Exercise: A faithful copy of the data is the goal; set it down exactly, without the images.

[Extracted data entries]
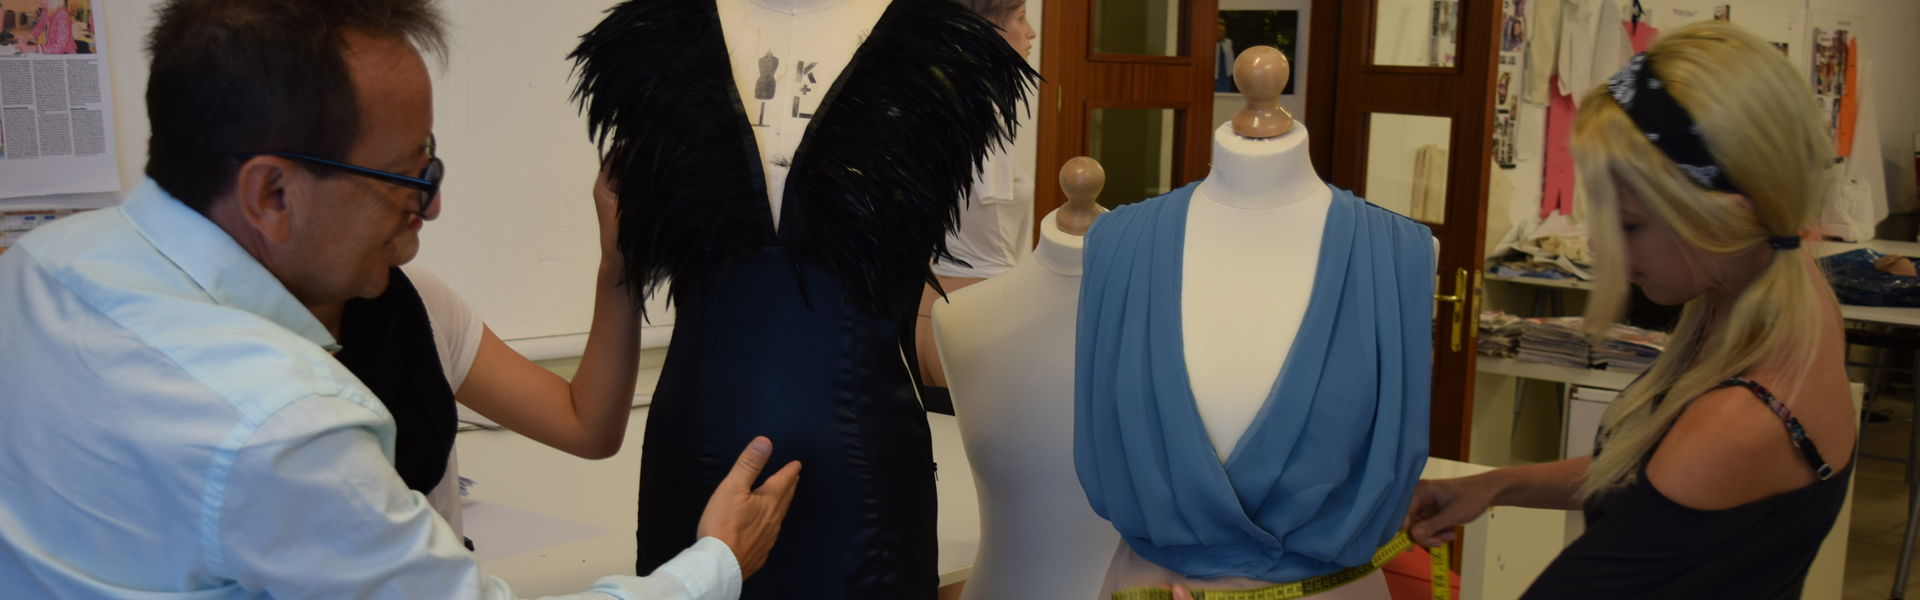 Fashion Design Course Marbella Design Academy
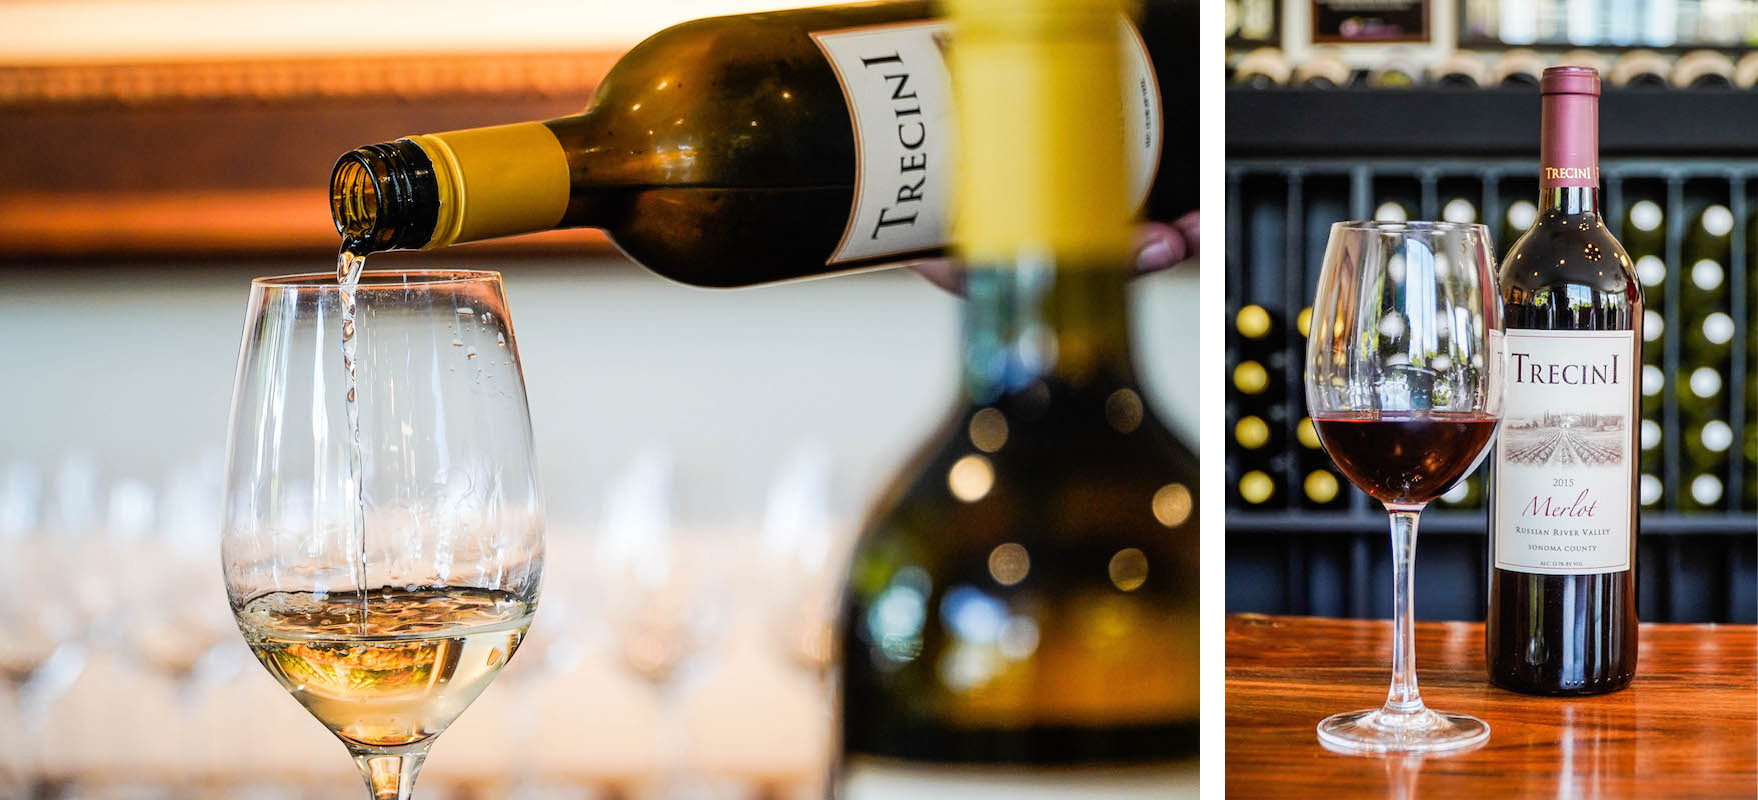 Trecini Winery
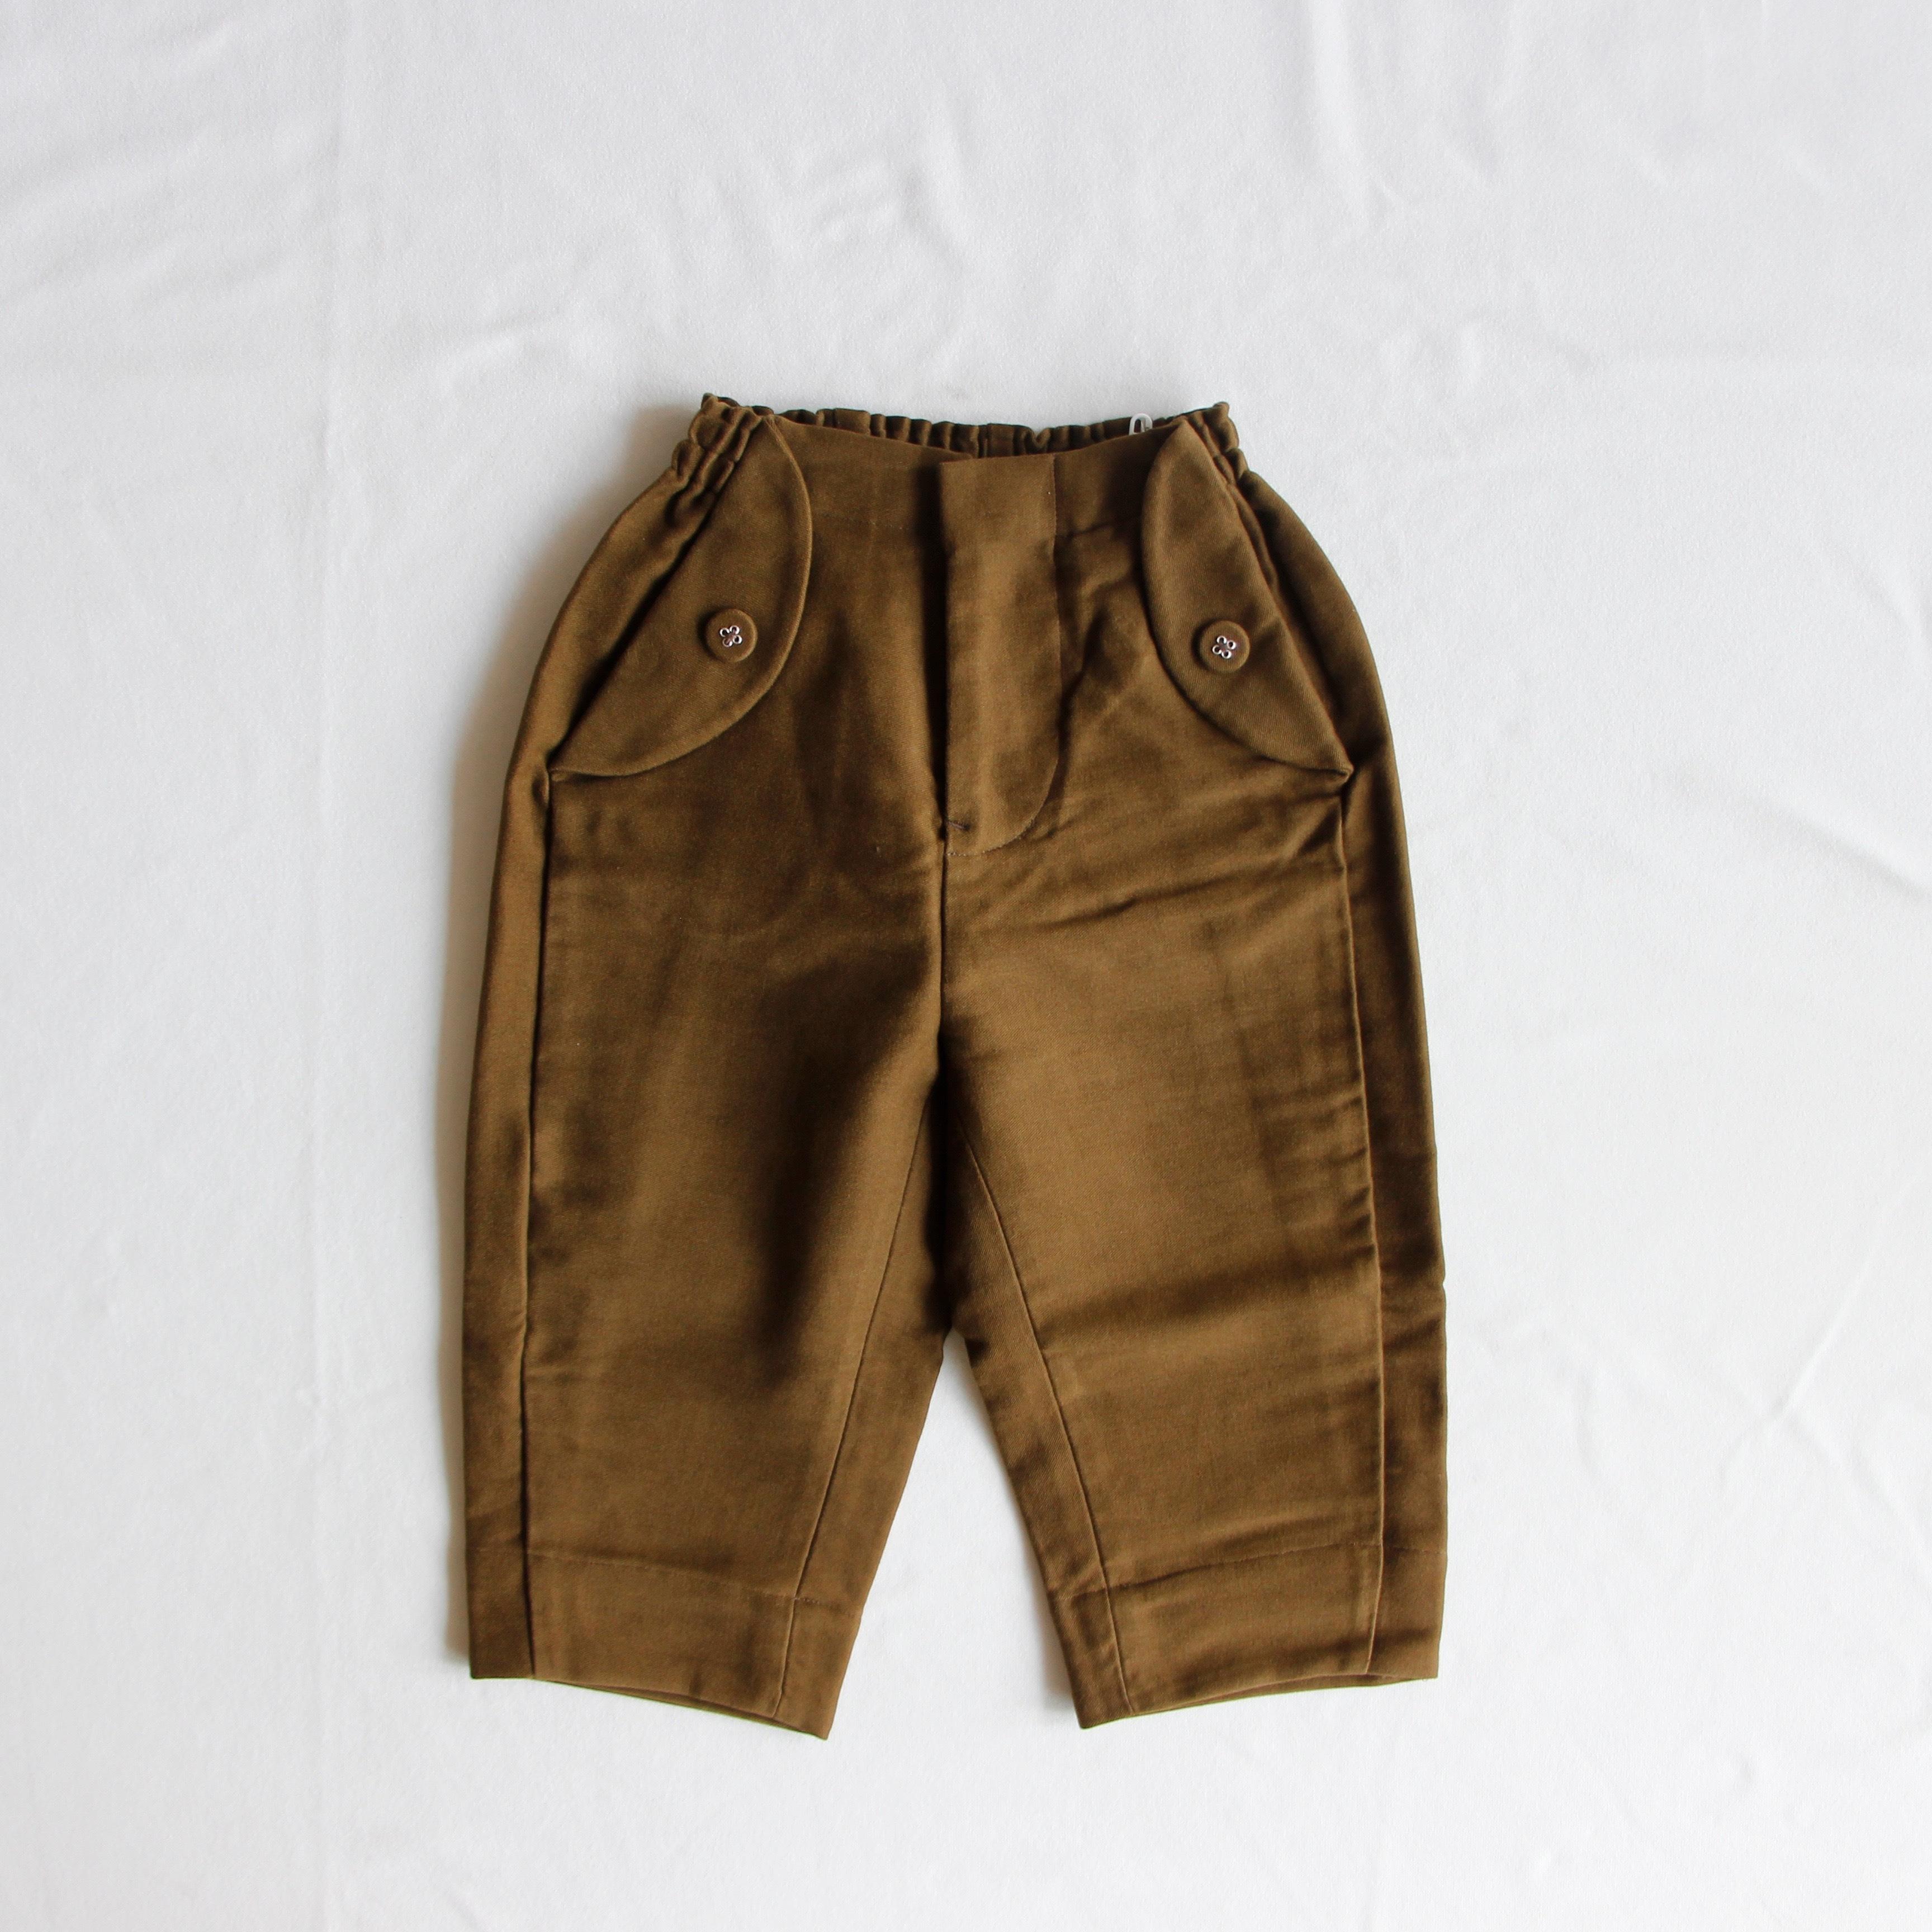 《mina perhonen 2019AW》bonbon パンツ / khaki / 90・100cm
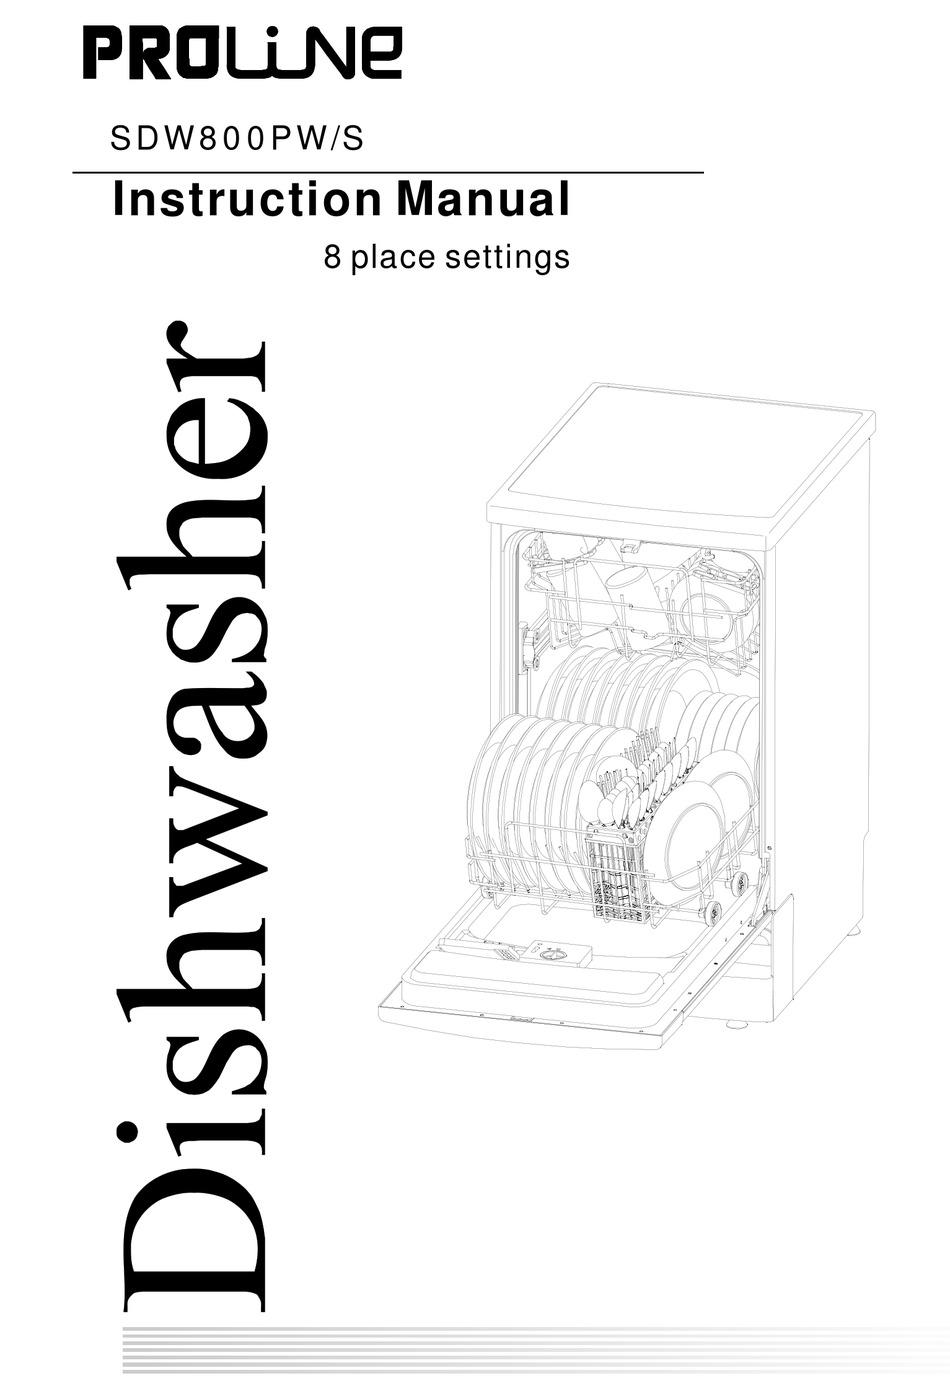 Proline Sdw800pw S Instruction Manual Pdf Download Manualslib
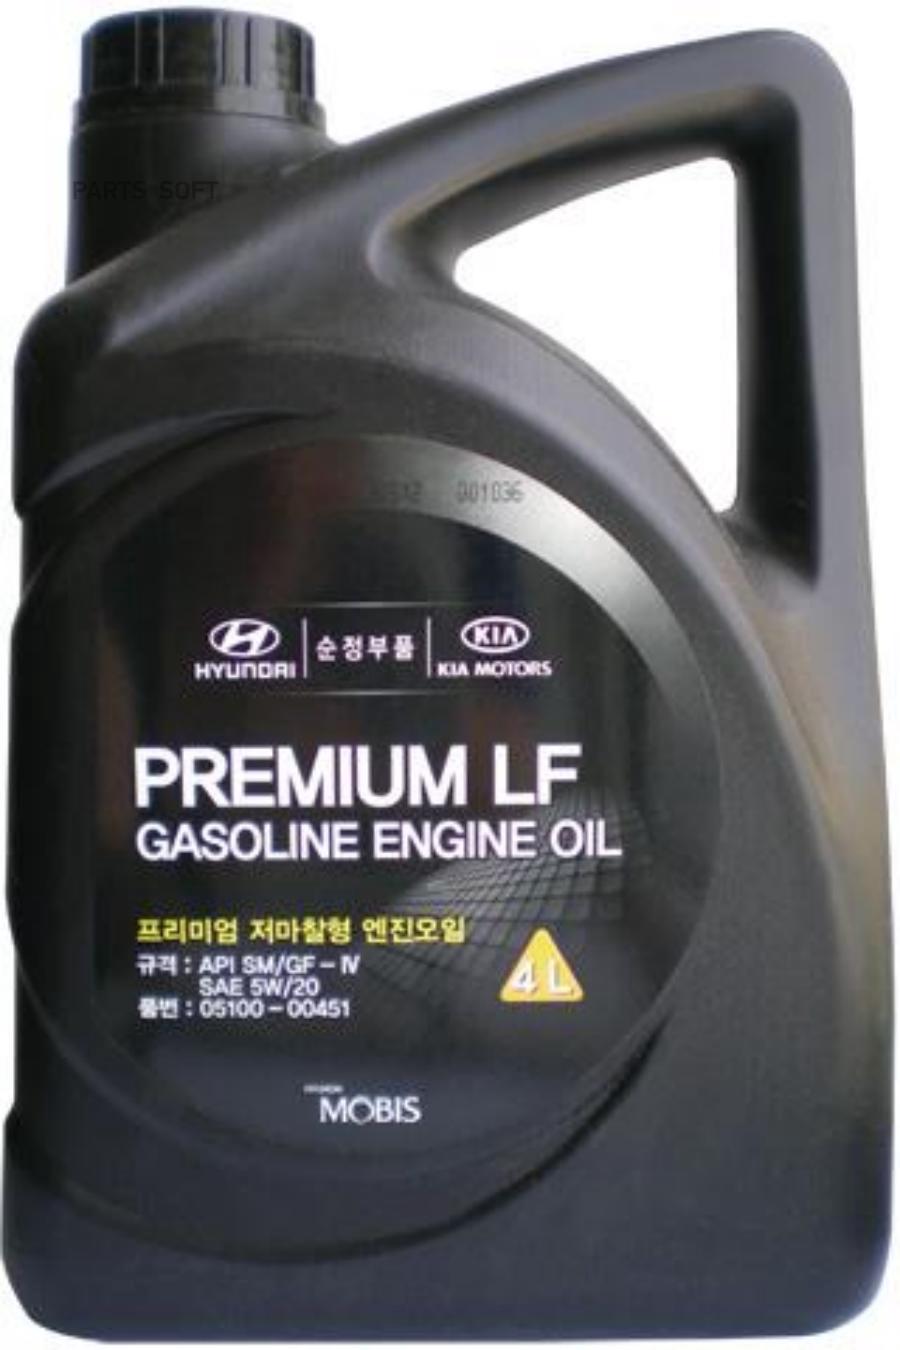 Hyundai/KIA Premium LF Gasoline SAE 5W-20 SM/GF-4 .

Solution for this exercise:
 Fashion Design Course Marbella Design Academy
 Trecini Winery
 《mina perhonen 2019AW》bonbon パンツ / khaki / 90・100cm
 Proline Sdw800pw S Instruction Manual Pdf Download Manualslib
 Hyundai/KIA Premium LF Gasoline SAE 5W-20 SM/GF-4 .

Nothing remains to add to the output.